Tumor-Auslöser:Krebs durch Würmer und Viren

Zigarettenrauch, Umweltchemikalien oder Strahlung erhöhen das Krebsrisiko - das ist längst bekannt. Doch auch Viren, Bakterien und sogar Parasiten können offenbar Tumore wuchern lassen.

Wiebke Rögener

"Ostzonensuppenwürfel machen Krebs" - das war erst eine Schlagzeile in der Bild, später der Name einer Punkband. Es blieb eine unbewiesene Behauptung. Aber dass manch Krebserregendes im Essen steckt, gilt als sicher, ebenso die Krebsgefahr durch Zigarettenrauch oder Umweltchemikalien. Strahlung, vom Sonnenlicht bis hin zur Radioaktivität, ist eine weitere bekannte Krebsursache.

Gefahr am Nil

Am Nil gibt es Pärchenegel, die Bilharziose auslösen.

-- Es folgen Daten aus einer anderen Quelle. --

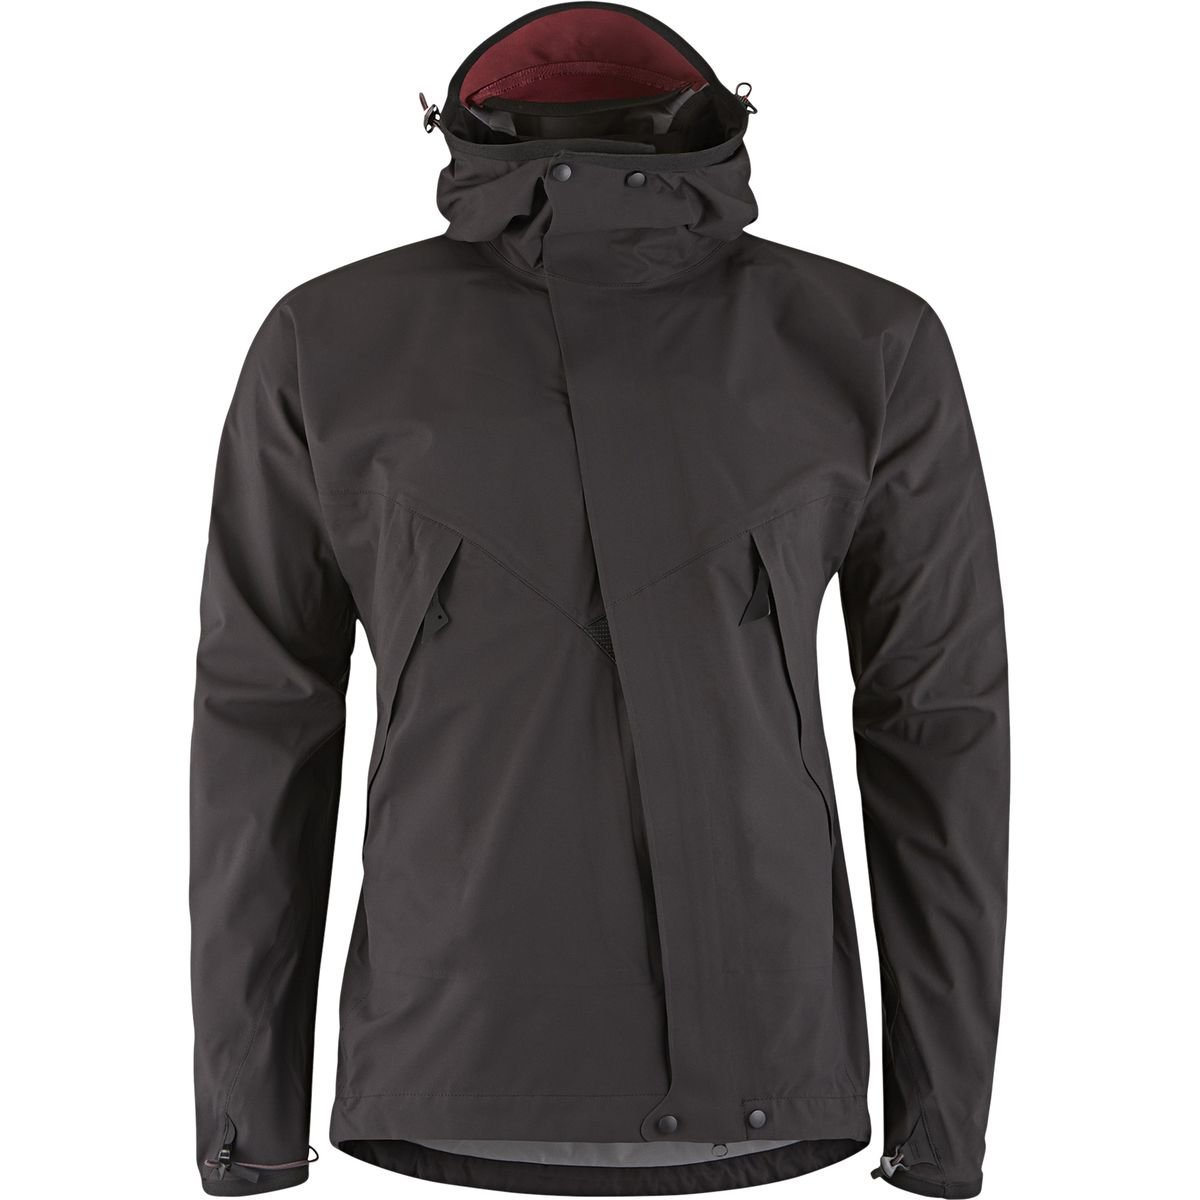 Marmot New Blue Ridge Fleece Jacket #8768 Mens Medium Black//Lava

Die Krankheit erhöht das Risiko für Blasenkrebs.

(Foto: Foto: AP)

Dass Krebs auch durch Viren und Bakterien ausgelöst werden kann, ist weit weniger bekannt. Noch exotischer erscheinen krebserregende Parasiten.

Doch weltweit geht etwa jeder fünfte Krebsfall auf das Konto von Krankheitserregern, schätzt Harald zur Hausen, ehemaliger Direktor des Deutschen Krebsforschungszentrums in Heidelberg (DKFZ), der jetzt ein Buch zum Thema geschrieben hat (Infections Causing Human Cancer, Wiley-VCH, Weinheim 2006). "Die Rolle von Infektionen für die Krebsentstehung wird unterbewertet", sagt zur Hausen.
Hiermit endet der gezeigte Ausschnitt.